Literature Review

Modeling Favors Immediate AED Treatment After an Unprovoked First Seizure

Factoring in quality of life, seizure risk, and side effects, a model prefers immediate over delayed treatment.


 

Immediate treatment of a first unprovoked seizure may be preferable to delayed treatment over a wide range of patients, including those who are at low risk of recurrent seizures, results of a decision analysis suggest.

Taking into account quality of life, seizure risk, and antiepileptic drug (AED) side effects, a model favored treatment of a patient with a single unprovoked seizure who did not meet the International League Against Epilepsy (ILAE) definition of epilepsy, investigators reported.

The model also favored treatment of patients who did meet ILAE criteria, namely, a 10-year recurrence risk greater than 60% in a patient with a single unprovoked seizure, according to the analysis, which was published in the October 9 issue of Neurology.

Together, these findings suggest that the current ILAE epilepsy definition is “too simplistic” for deciding whether to start or withhold AED treatment after a first unprovoked seizure, said M. Brandon Westover, MD, PhD, Associate Professor of Neurology at Massachusetts General Hospital in Boston, and his coauthors.

“A more precise and patient-personalized definition of epilepsy should encompass not only seizure recurrence probability but also a multitude of other risks and benefits associated with AED treatment,” they said.

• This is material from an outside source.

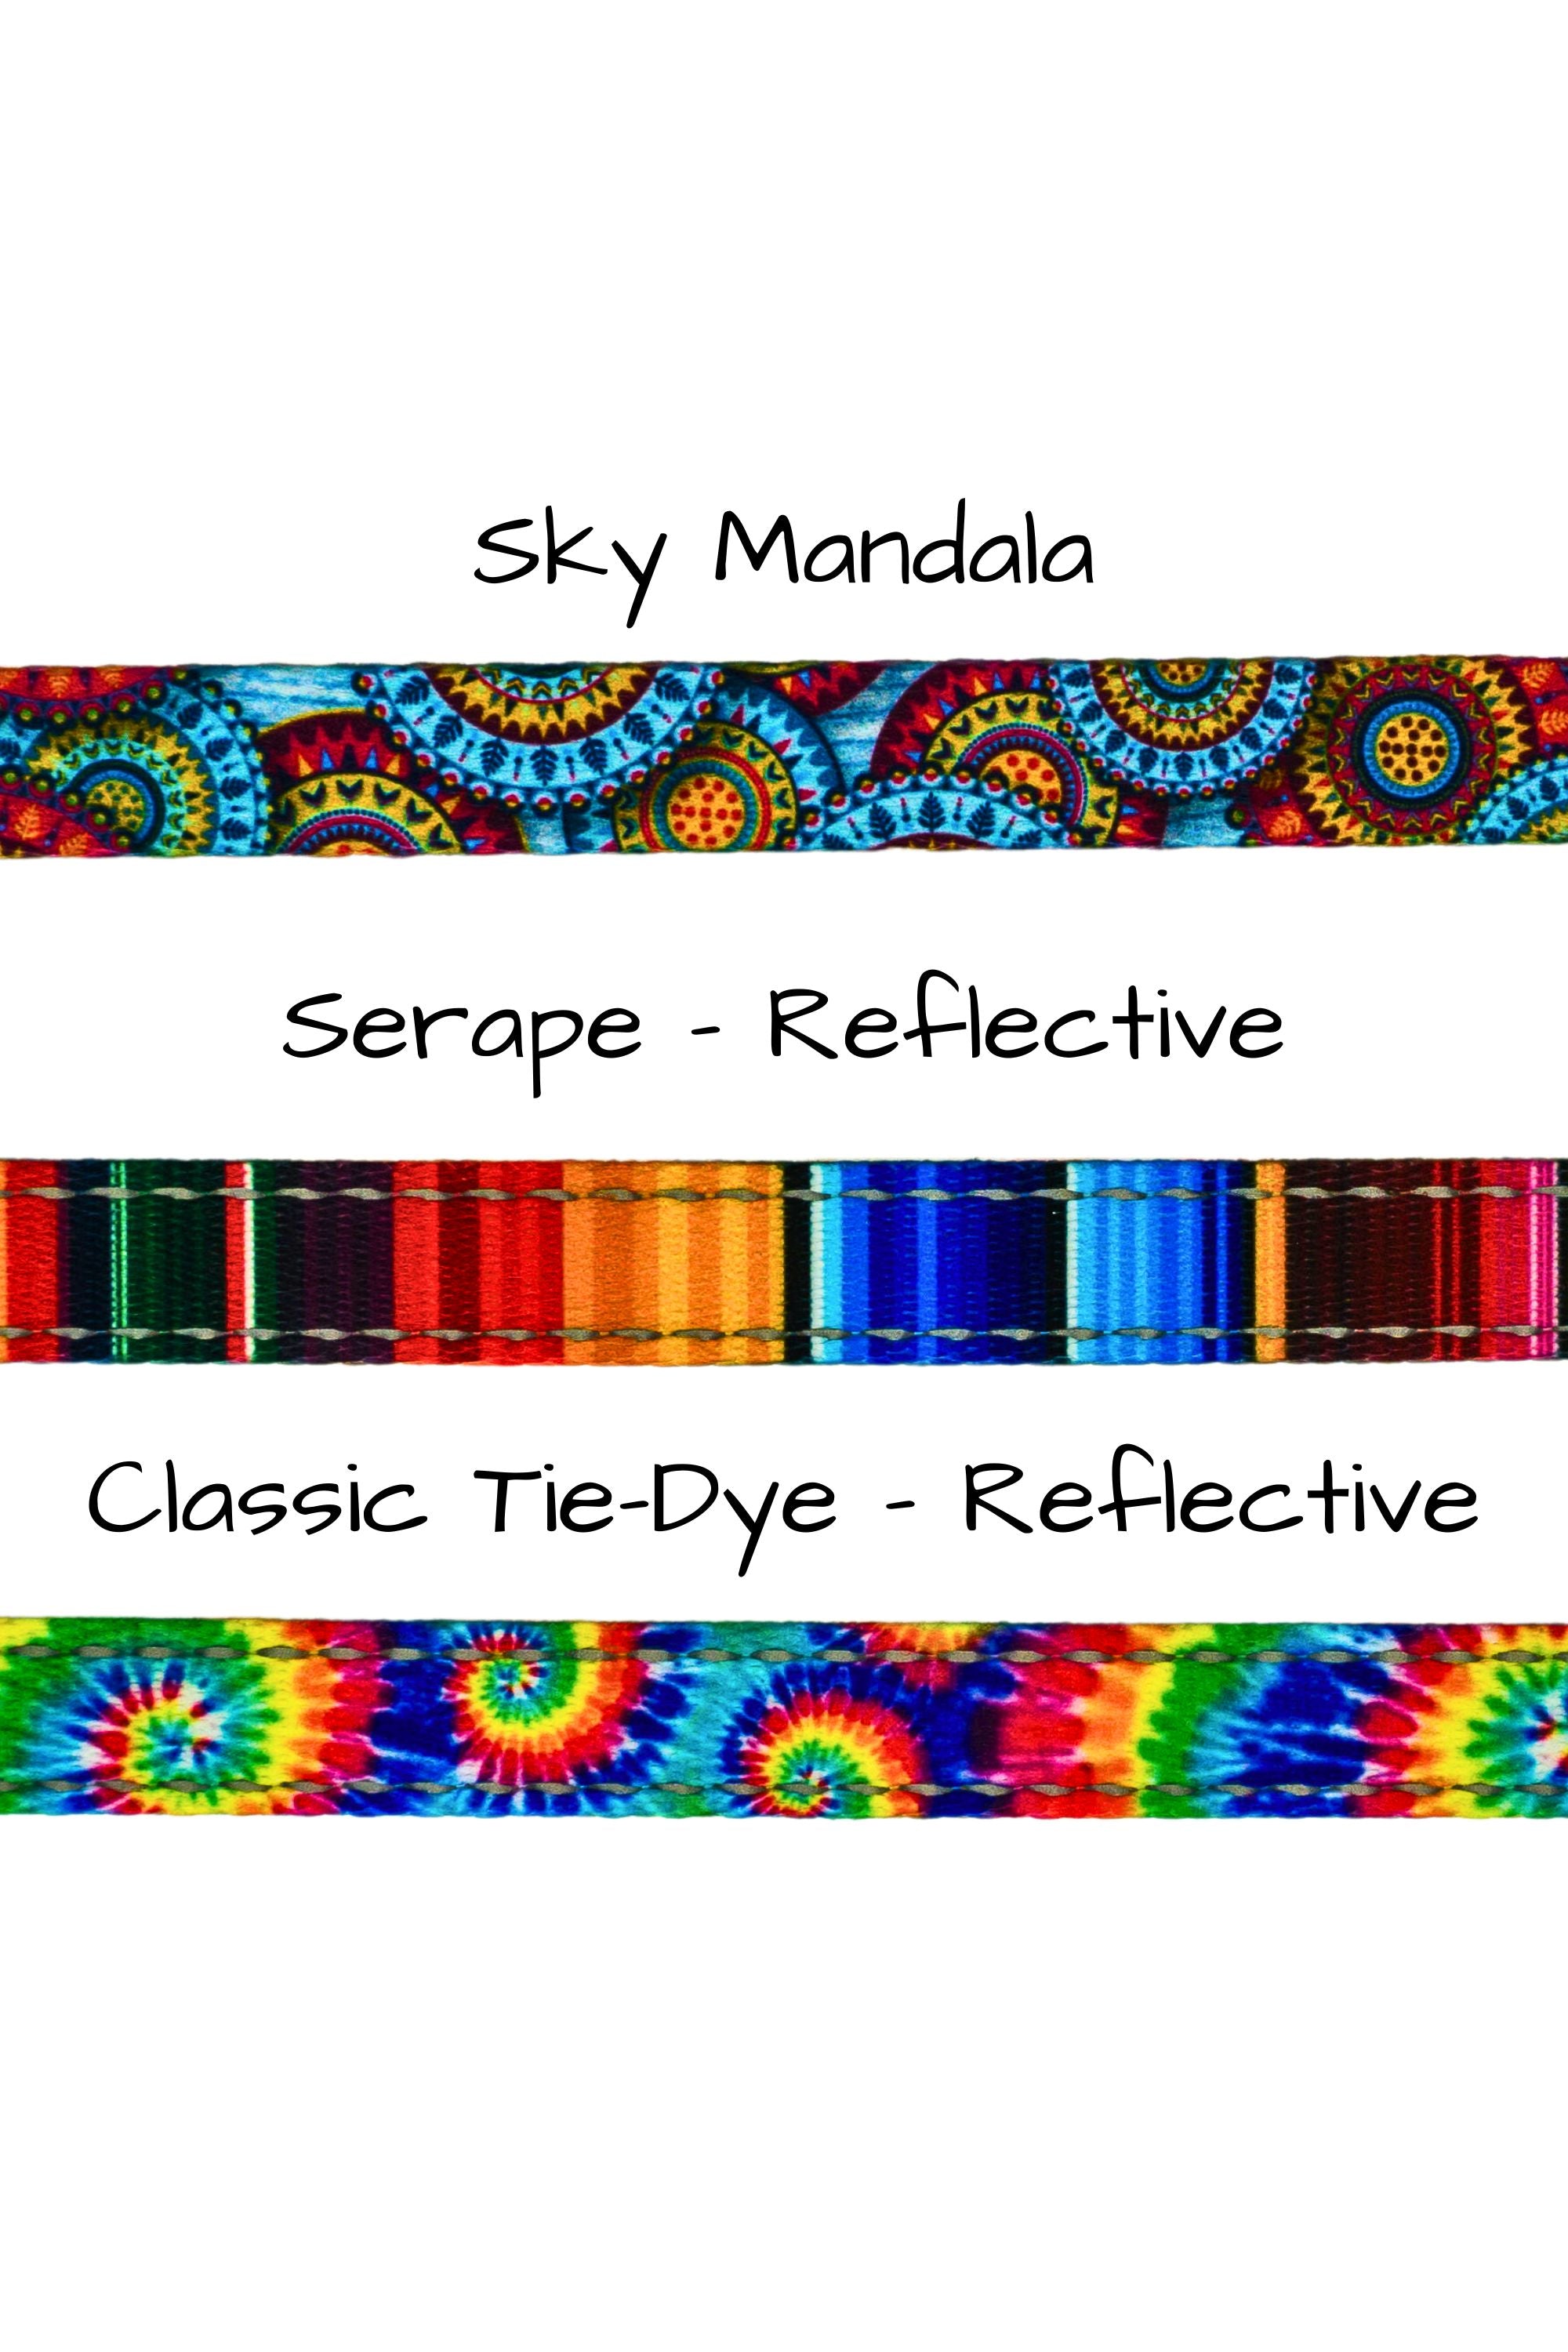 Patterned webbing for the adjustable length hands free leashes for small dogs is available in a sky mandala, a reflective serape, or a reflective classic tie dye.
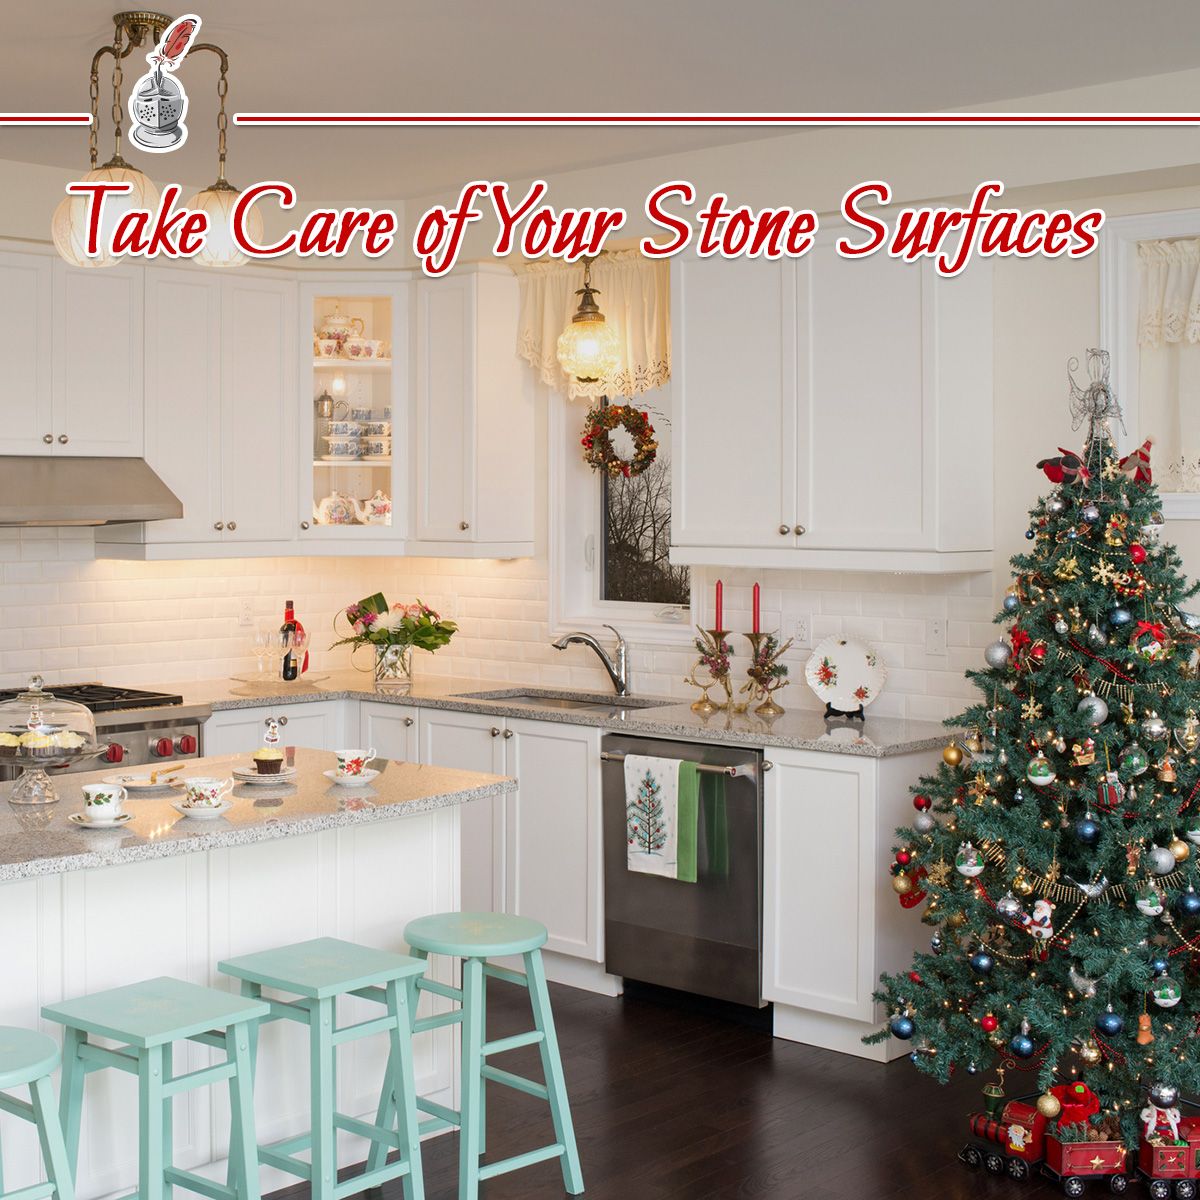 Take Care of Your Stone Surfaces

Weighing Risks and Benefits

To determine which patients with a first unprovoked seizure might benefit from immediate AED treatment, Dr. Westover and his colleagues used a decision model with measures constructed from retrospective clinical trial data.

The goal of the simulation was to determine which treatment strategy—immediate or delayed AED treatment—would maximize the patient’s expected quality-adjusted life years (QALYs). Toward that end, Dr. Westover and his coinvestigators considered three base cases, which represented various degrees of seizure-recurrence risk.

The first case was a 30-year-old man with no risk factors for recurrent seizure other than having had a first seizure. In that case, immediate and deferred AED treatment resulted in 19.04 and 18.65 QALYs, respectively.

“In dollar values, using the conservative approximation of $50,000/QALY gained, this difference in treatment outcomes would amount to $19,500 gained per individual,” Dr. Westover and his coauthors wrote in their report.

The second case was a 30-year-old woman who presented with a first unprovoked seizure and had positive MRI results that establish a high risk of recurrence. As expected, because of the high recurrence risk, this scenario also favored immediate treatment, with 15.23 and 14.75 QALYs, respectively, for the immediate and deferred strategies.

The final case was a wheelchair-bound 60-year-old woman with a first unprovoked seizure and high risk of recurrence, but also a high risk of AED adverse effects and a smaller expected quality of life reduction from further seizures. In this scenario, in which treatment might be “intuitively discouraged” because of the AED side-effect risk, the cohort simulation favored deferred AED treatment by a small margin, the investigators said.

“A high baseline risk for recurrent seizures does not by itself always favor immediate AED treatment,” they said.

Findings May Shift Discussions About Therapy

The conclusion of this decision analysis by Dr. Westover and colleagues is “likely correct” that early treatment of a first unprovoked seizure could be favorable in a wide range of clinical scenarios, according to the authors of an accompanying editorial.